ORCHIDACEAE (Orchid
Family)
Plants
perennial, sometimes with rhizomes or corms. Roots mycorrhizal (receiving
nutrients from a symbiotic relationship with soilborne fungi), often fleshy,
sometimes thickened and tuberlike. Aerial stems erect to spreading. Leaves
mostly alternate or basal, rarely opposite or whorled, parallel‑veined,
the bases sheathing the stems. Inflorescences spikes, racemes, or panicles, or
the flowers 1 per stem. Flowers usually subtended by bracts, zygomorphic,
perfect (uncommonly unisexual elsewhere), often twisted 180° at the base during development so that the top of the flower is
oriented toward the bottom at maturity (resupinate). Sepals 3, free or
with 2 sepals fused together, green or other colors. Petals 3, usually not
green, free or less commonly with 2 petals fused, 1 differentiated from the
other 2 into a lip of various shape and size, this appearing as the lowermost
petal in resupinate flowers. Stamen 1 (2 fertile stamens and 1 staminode in Cypripedium),
fused to the stylar column on the side opposite the stigma and separated
from it by an expanded lobe of tissue known as the rostellum (except in Cypripedium).
Pollen grains (except in Cypripedium) fused into 1–6 saclike masses (pollinia)
per locule of the anther, each with 1[1] end tapering into an elongate tip with a sticky pad (viscidium).
Ovary 1 per flower, inferior, with 1 locule. Style 1, fused with the stamens
into a usually thickened stylar column. Stigma 1; 2‑ or 3‑lobed.

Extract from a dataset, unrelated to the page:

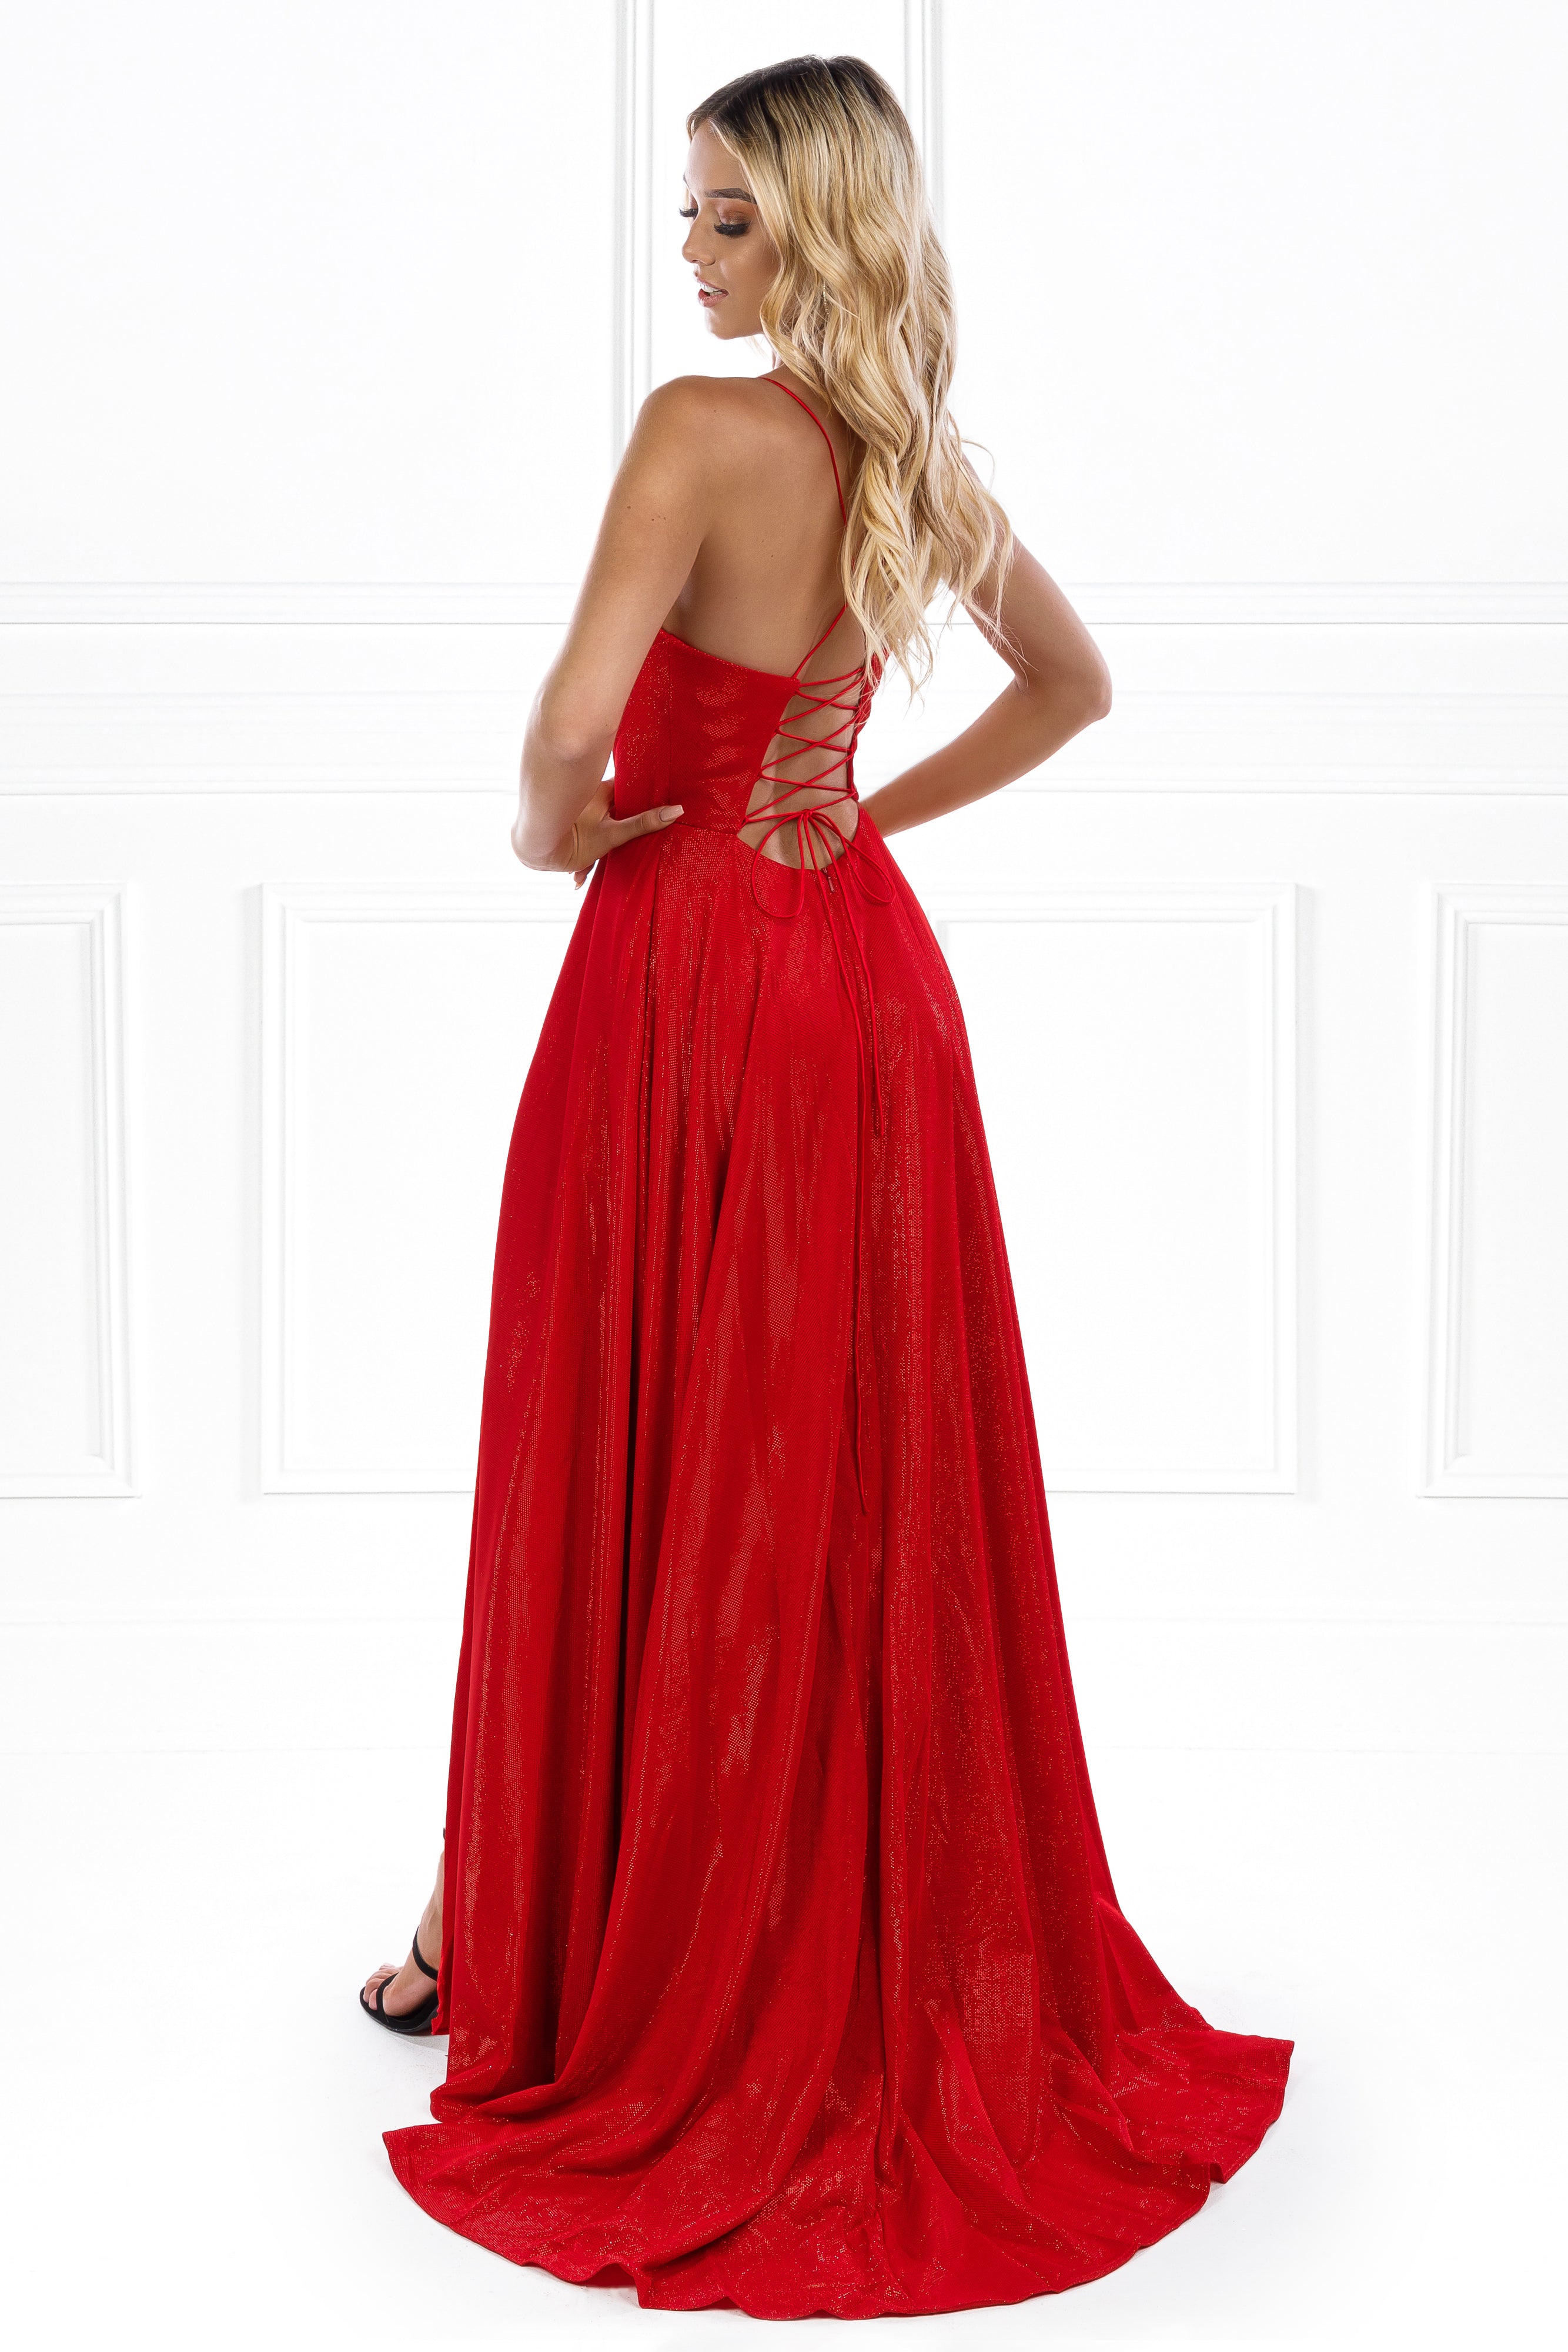 Honey Couture KYLA Red Shimmer Lace Up Back Formal Gown Dress
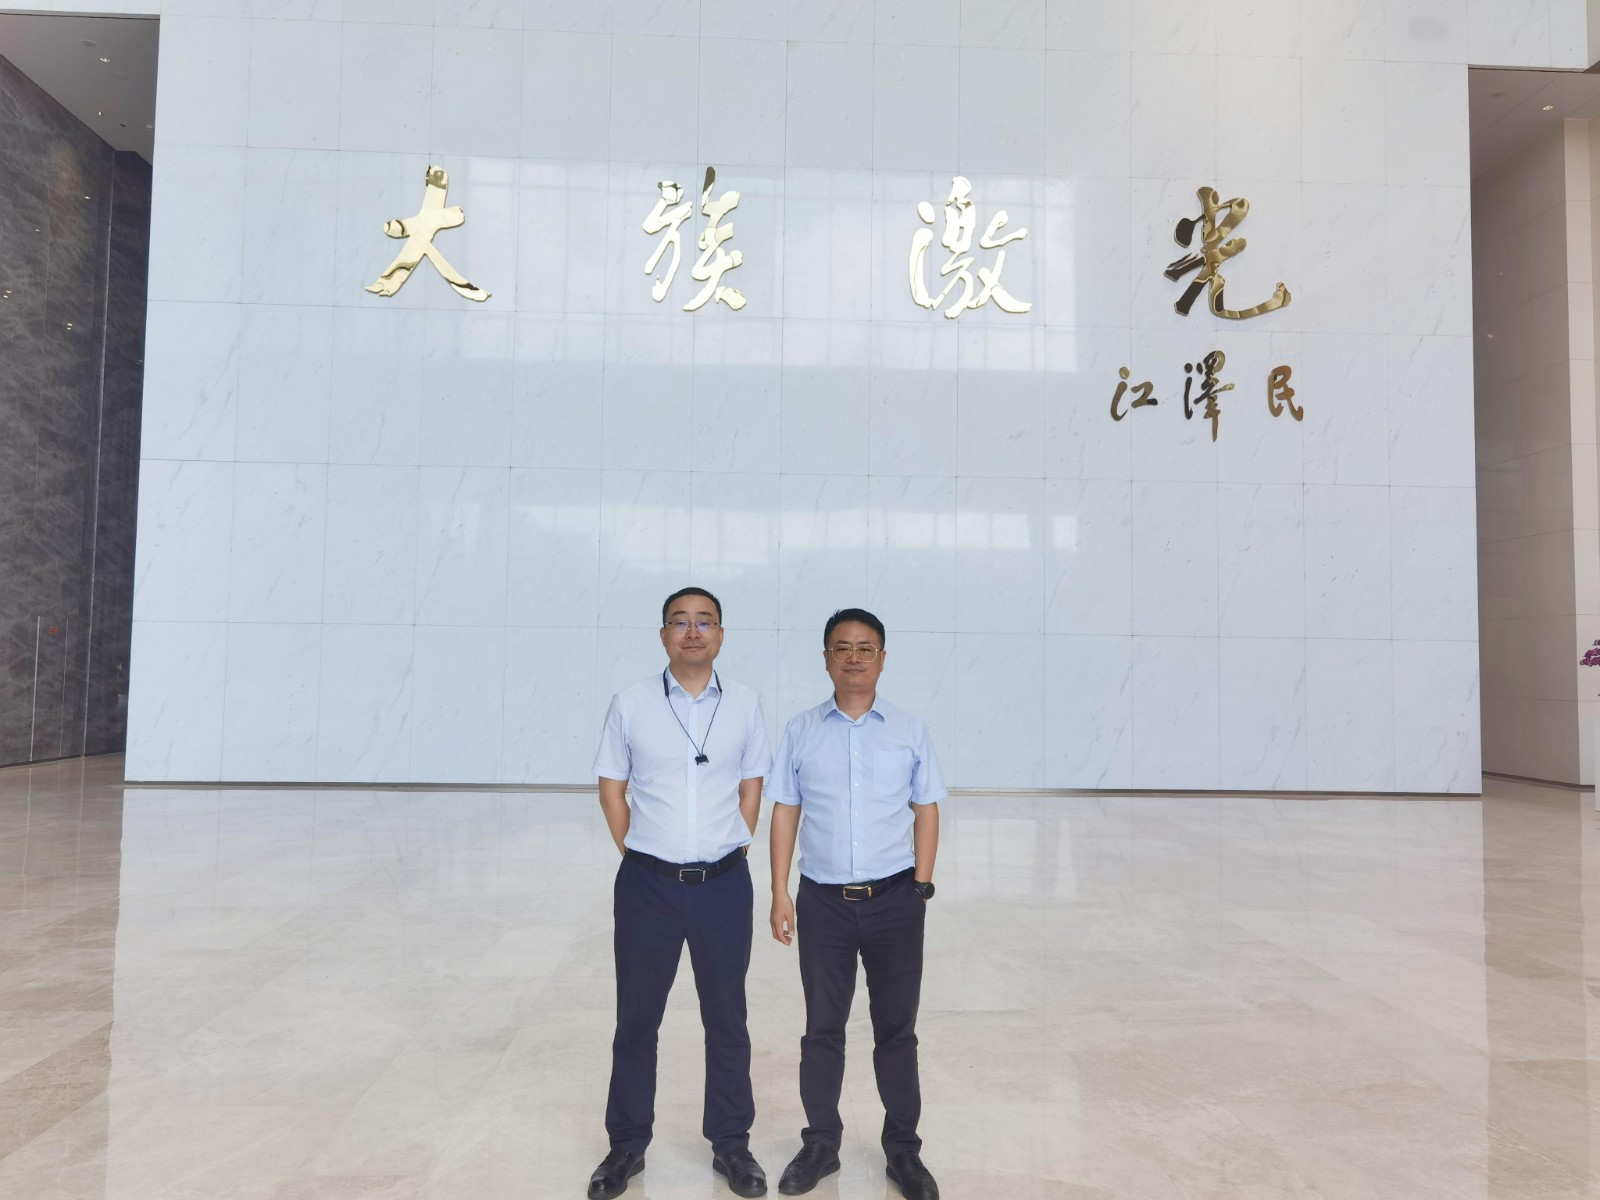 Chairman Luo Linhua and General Manager Wang Lihua Visited Han’s Laser for Learning and Exchange

Fruits capsules dehiscing by 3(6) longitudinal slits. Seeds numerous, dustlike,
short‑lived, the embryos mostly undifferentiated. About 600 genera, about
15,000 species, worldwide.
The
Orchidaceae are one of the largest families of flowering plants. The greatest
diversity of genera and species is in the tropics, where epiphytic species are
common. Although many interspecific hybrids have been described within the
family, these mostly involve tropical genera, and there is apparently
relatively little hybridization among temperate, terrestrial species. The
delimitation of genera below follows Dressler’s (1993) excellent review of the
family.
The
highly modified flowers of the orchids are adapted to pollination by various
insects. The pollinia become attached by the viscidia to insect visitors and
are subsequently deposited on the stigmatic lobes when the pollinator visits
another flower. The pollination syndromes involved are often complex, and the
flowers often can only be pollinated successfully by particular kinds of
insects, such as butterflies, fungus gnats, small, native bees, or particular
groups of moths. Data on pollinators cited in the species treatments mostly
originated from Catling and Catling’s (1991) review of breeding systems and
pollination in North American orchids.
Finding
orchids in the field can be a most challenging experience. Many species produce
only vegetative growth some years and several regularly take breaks from
aboveground life, persisting subterraneously for one or more years. A
population of Platanthera praeclara in northwestern Missouri was thought
to have become extirpated, but flowering plants reappeared eight years after
the initial find. The life histories of most North American orchids are as yet
poorly understood, and even how long most plants live is unknown for most species.
Many
species in Missouri occur in relatively small populations and produce few
fruits. Overcollection and modifications to their habitats, such as changes in
soil moisture, light levels, and density of competing vegetation, have undoubtedly
contributed to the present rarity of some species. All orchids have obligate
relationships with soilborne, mycorrhizal fungi and do not tolerate
environmental changes well. Thus, orchids generally do not transplant well into
gardens. Collectors also should avoid disturbing rootstocks and should consider
photographic documentation of populations rather than herbarium specimens, as
most species can be determined readily from habit and closeup photographs.